I remember my 9800gtx 512mb was capable of playing 1440x900 on low in the BF3 beta and with a decent overclock,it aced low with fluid gameplay matched with a 2500k,just couldn't enable any aa of any kind.
Thought it was impressive for such a old card,BF3 is one of the more demanding titles to push such a card,so crossfire 4850 would be sweet if you keep the settings down.
Know a buddy rocking a pair of 9800gt 512mb cards and plays plenty of stuff,if i remember right the 4850 outperformed the 9800gt...
I think that the 4850 is around 10-15% faster than the 8/9800GT, IIRC.
So, that's good news. :thumbsup:
vram is affected by a few things mostly, texture sizes, AA, res, and AO can bump it up a bit too.
There are probably more, but those are the main things I've noticed with 1.28GB of vram on a 5900x1080 setup.
The extra processing power from adding a second card will help with things that don't affect vram if you're close to maxing it out already. Things like more explosions, better dynamic lighting, DoF, HDR...
If you're gpu limited adding another card will help, if you're vram limited or want to raise settings that would increase vram and are already close to max it's not going to do much for you.
I run the MSI Afterburner utility with my 8800GTS and it shows the amount of Vram being used (as well as FPS, Temps, Clock Speeds, etc...).
That might not work for a 4850. AMD's VRAM reporting system is different. Try Process Explorer if Afterburner doesn't show the VRAM monitoring option: http://technet.microsoft.com/en-us/sysinternals/bb896653.
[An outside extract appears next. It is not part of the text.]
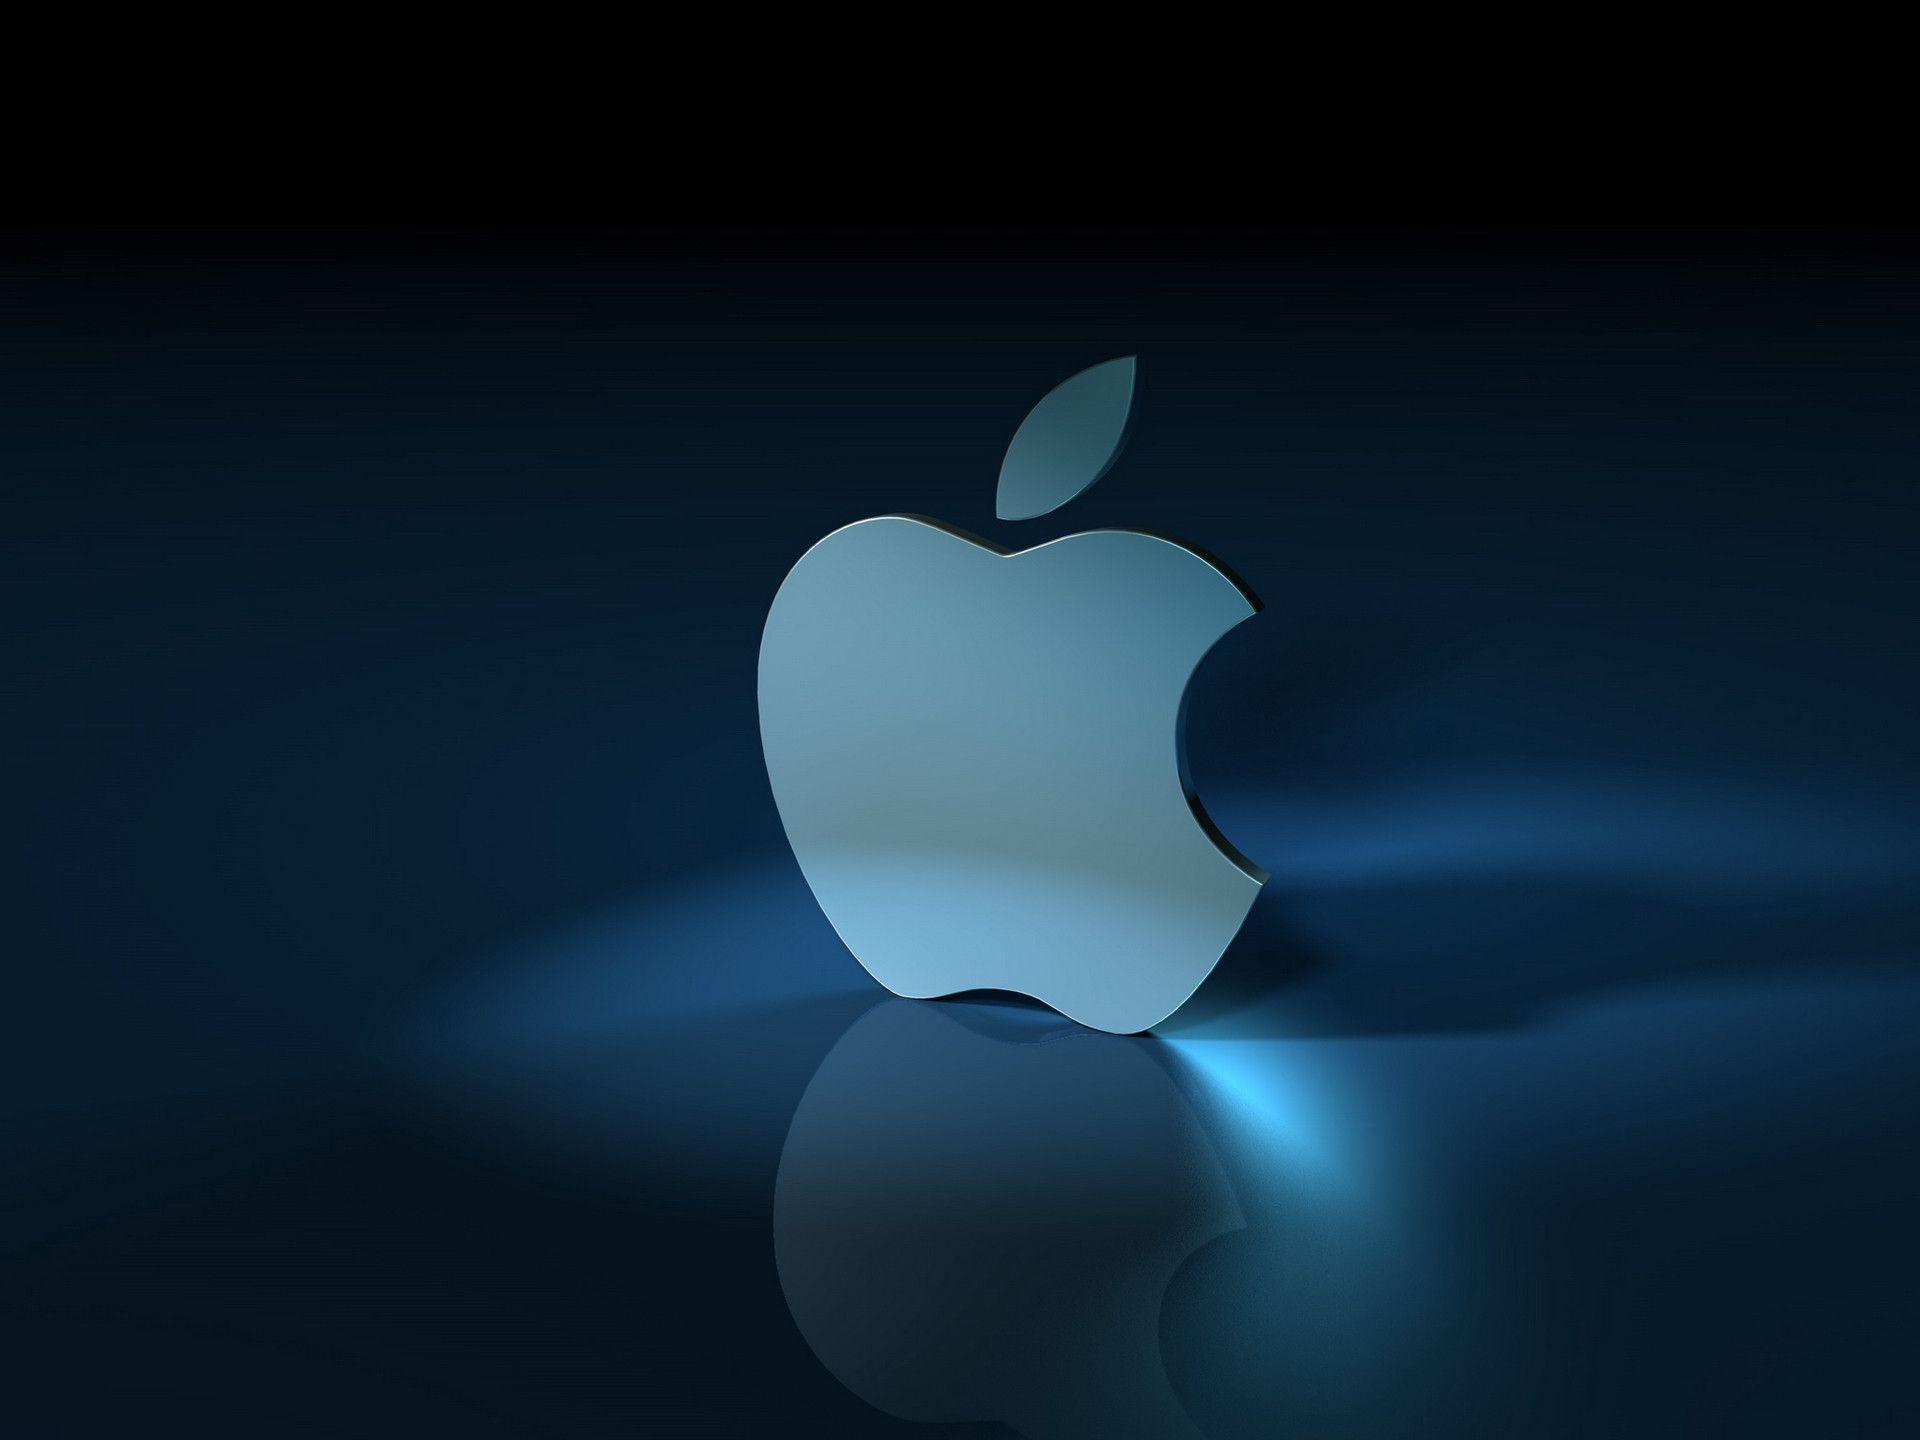 Apple 3d Wallpaper 76 Images

In answer to your question, I think it really depends on what games you're interested in. If you're mostly playing older games and want to max them out, the $35 would be worth it. If you are talking about newer games like Skyrim/BF3, I doubt you'd get much of a benefit before hitting the VRAM wall.
IMO CF anything less than 7870 makes no sense.
GPU-Z works for me for recording VRAM usage.
I fired up Metro 2033 last night with the high preset, AAA and 16xAF, and it used up to 88MB of RAM. (448MB reserved)
It was only a small room in the game, though.
$35 go for it.
Should put you in 5830/ 460 768MB Performance range, so even 1080p gaming is possible.
Your PSU is fine.
Get a DX11 card if your playing DX11 games.
You know that almost all DX11 games run just fine on DX10.1 hardware right? In most cases the only thing you miss is tessellation.
More then just tesselation my friend....
And in any case as far as the DX 11 games running fine on DX 10 hardware.